Class 3 represents households with high financial inclusion, characterized by consistently high probabilities of access and usage across all financial services.
Class 2 reflects households with limited financial engagement, marked by low participation in a broad range of financial activities. This includes minimal use of microfinance savings, limited access to remittances and insurance, low ownership of bank accounts, and reduced involvement in cooperative and association-based savings mechanisms.
Class 1 indicates moderate financial engagement, with relatively high usage of remittances, insurance, cooperative savings, and microfinance services. However, this group shows lower participation in credit access, informal savings, and savings through associations.
These findings suggest meaningful behavioral and access-related differences across the population.
Conclusion and Future Use Cases
This analysis demonstrates how Latent Class Analysis (LCA) can effectively uncover hidden patterns in household financial behaviors, enabling more tailored financial inclusion strategies.

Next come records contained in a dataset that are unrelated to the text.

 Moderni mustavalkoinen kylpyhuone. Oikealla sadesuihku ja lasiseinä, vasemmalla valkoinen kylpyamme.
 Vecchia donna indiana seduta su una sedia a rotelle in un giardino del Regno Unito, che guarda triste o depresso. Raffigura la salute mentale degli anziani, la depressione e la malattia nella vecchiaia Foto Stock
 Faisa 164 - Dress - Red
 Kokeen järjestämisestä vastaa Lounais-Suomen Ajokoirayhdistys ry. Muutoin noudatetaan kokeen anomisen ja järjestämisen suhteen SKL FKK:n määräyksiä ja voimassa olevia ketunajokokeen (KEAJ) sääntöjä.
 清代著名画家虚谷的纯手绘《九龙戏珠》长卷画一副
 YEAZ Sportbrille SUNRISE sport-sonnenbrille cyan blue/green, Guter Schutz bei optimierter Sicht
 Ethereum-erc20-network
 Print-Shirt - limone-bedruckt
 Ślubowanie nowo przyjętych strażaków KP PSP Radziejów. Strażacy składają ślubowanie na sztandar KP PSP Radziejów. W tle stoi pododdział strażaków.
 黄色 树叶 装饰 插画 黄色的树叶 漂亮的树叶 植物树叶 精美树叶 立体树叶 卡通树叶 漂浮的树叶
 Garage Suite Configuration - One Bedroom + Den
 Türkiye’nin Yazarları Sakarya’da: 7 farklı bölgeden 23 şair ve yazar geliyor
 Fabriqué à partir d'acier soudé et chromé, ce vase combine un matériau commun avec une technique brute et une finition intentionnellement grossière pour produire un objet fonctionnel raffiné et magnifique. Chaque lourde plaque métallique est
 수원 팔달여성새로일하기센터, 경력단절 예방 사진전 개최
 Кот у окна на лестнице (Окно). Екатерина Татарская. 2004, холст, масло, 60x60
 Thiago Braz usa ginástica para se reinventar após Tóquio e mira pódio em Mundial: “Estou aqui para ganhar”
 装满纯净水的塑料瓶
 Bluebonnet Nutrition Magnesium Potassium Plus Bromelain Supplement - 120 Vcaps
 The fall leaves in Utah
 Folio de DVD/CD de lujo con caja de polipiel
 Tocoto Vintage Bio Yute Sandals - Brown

In business contexts, such segmentation can inform targeted financial product design, credit risk scoring, or customer outreach strategies. In the development sector, LCA can support program targeting for underserved groups. In healthcare, LCA can uncover behavioral subgroups for adherence, symptom management, or response to health financing programs. Finally, LCA offers a powerful tool for analyzing patient-reported outcomes, enabling more personalized interventions and resource allocation.
Future work may link class membership to household welfare indicators or simulate how shifts in service access could transition households across inclusion tiers.